In vivo diffusion measurements of cartilage are a huge challenge in the field of cartilage imaging, especially due to tissue anisotropy and limited resolution. Major drawback is the short T2 relaxation time of cartilage, necessitating a short echo time (TE) to maximize the cartilage signal. Applying diffusion-sensitizing gradients, however, increase the TE and render the sequence sensitive to motion; therefore, motion correction is often required before accurate reconstruction can be done [63]. Diffusion-weighted single-shot spin-echo echo-planar imaging is a frequently used technique for diffusion imaging (Fig. 9).

Fig. 9
figure 9

Example of an apparent diffusion coefficient map of cartilage calculated from a diffusion-weighted technique based on single-shot spin-echo echo-planar imaging (TR 993 ms/TE 46 ms/b=0, 370/no. of excitations=32). As is seen, this calculated image suffers from a low signal-to-noise ratio and motion incongruities

Conclusion

The described ultrastructural MRI techniques provide a probe to give information on cartilage which is inaccessible with any other non-invasive modality. Articular cartilage is a unique tissue from an MRI point of view: it consists out of a highly ordered collagen network, responsible for its T2 orientational dependence, and charged hydrophilic GAGs responsible for its T1 relaxation behavior in the presence of a charged MRI contrast agent.

For the evaluation of articular cartilage, specific methods should be used: three methods permit a very specific measure of the cartilage biochemical state: PD mapping directly measures water content, magic-angle imaging is a specific measure of collagen ultrastructure and charge-based methods (either dGEMRIC or sodium MRI) provide a specific measure of the GAG distribution.

For practical clinical applications, the whole picture seems less attractive: out of the specific techniques, only dGEMRIC can be used when keeping in mind above-mentioned drawbacks and major disagreements in literature concerning resulting T1 values. For the evaluation of the collagen component, the less specific technique of T2 mapping is used, and although a correlation is found between MT rate and collagen damage, it still remains unclear whether this technique has sufficient sensitivity and specificity to be used in clinical cartilage imaging. The evaluation of the water component poses even more problems, as the clinical use of diffusion imaging seems precluded because of limited resolution and motion artifacts.
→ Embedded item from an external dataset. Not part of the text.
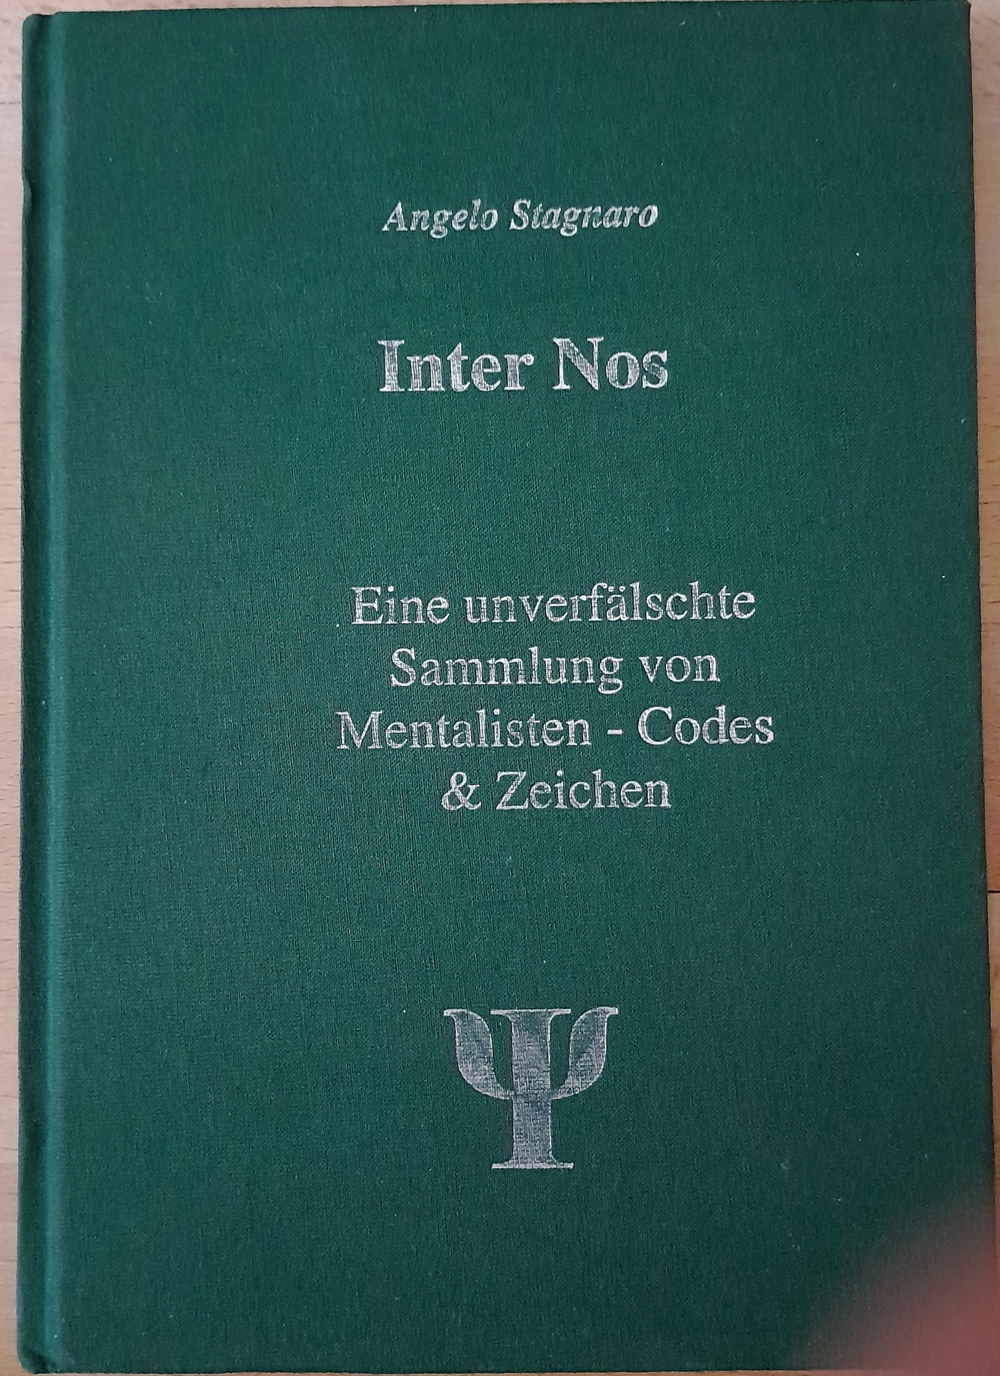 Buch "Inter Nos"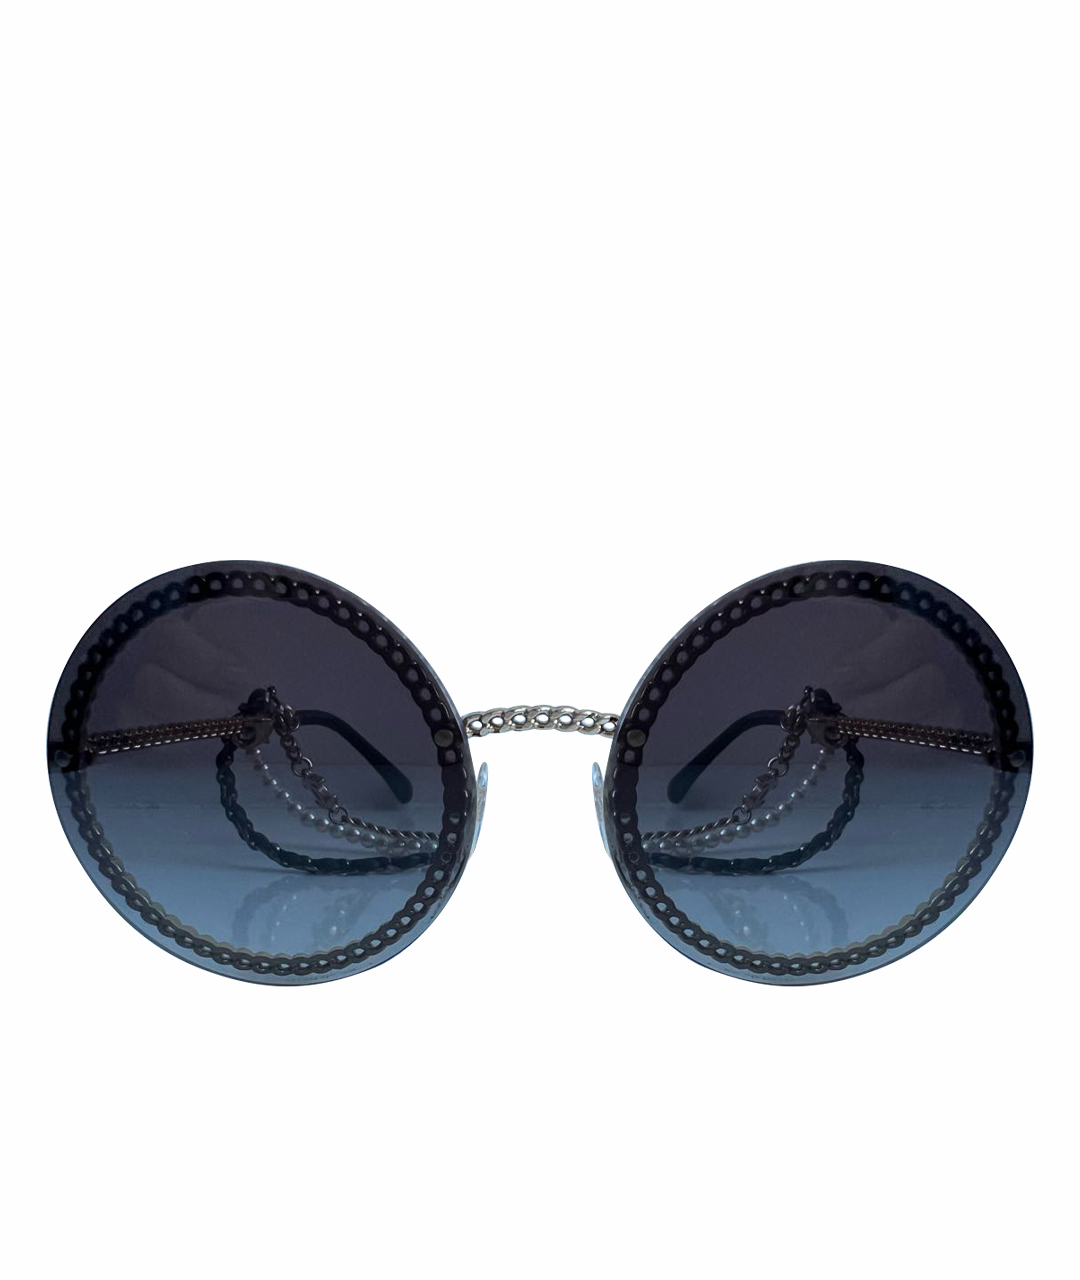 CHANEL PRE-OWNED Коричневые металлические солнцезащитные очки, фото 1

Concerning clinical imaging of articular cartilage the overall long acquisition schemes (i.e., patient motion), the 2-h interval needed for dGEMRIC and the need for image post-processing preclude a widespread use in daily clinical practice. Suggested solutions might be the use of higher field systems (3 T); however, susceptibility artifacts, inevitably present in each patient after surgical cartilage repair procedures, are enforced in higher field systems and thus possibly disabling correct image interpretation. Further work is necessary to deal with this issue. Another approach might be to limit the field of view to a specific cartilage area, enabling the shortage of acquisition time or the use of small surface coils to improve the signal-to-noise ratio.

Although these conclusions seem disenchanting for clinical cartilage imaging, further refinement of existing methods and development of new techniques may in the event lead to imaging protocols ready for daily use able to reveal both the morphology and biochemical content of cartilage lesions and cartilage repair tissue.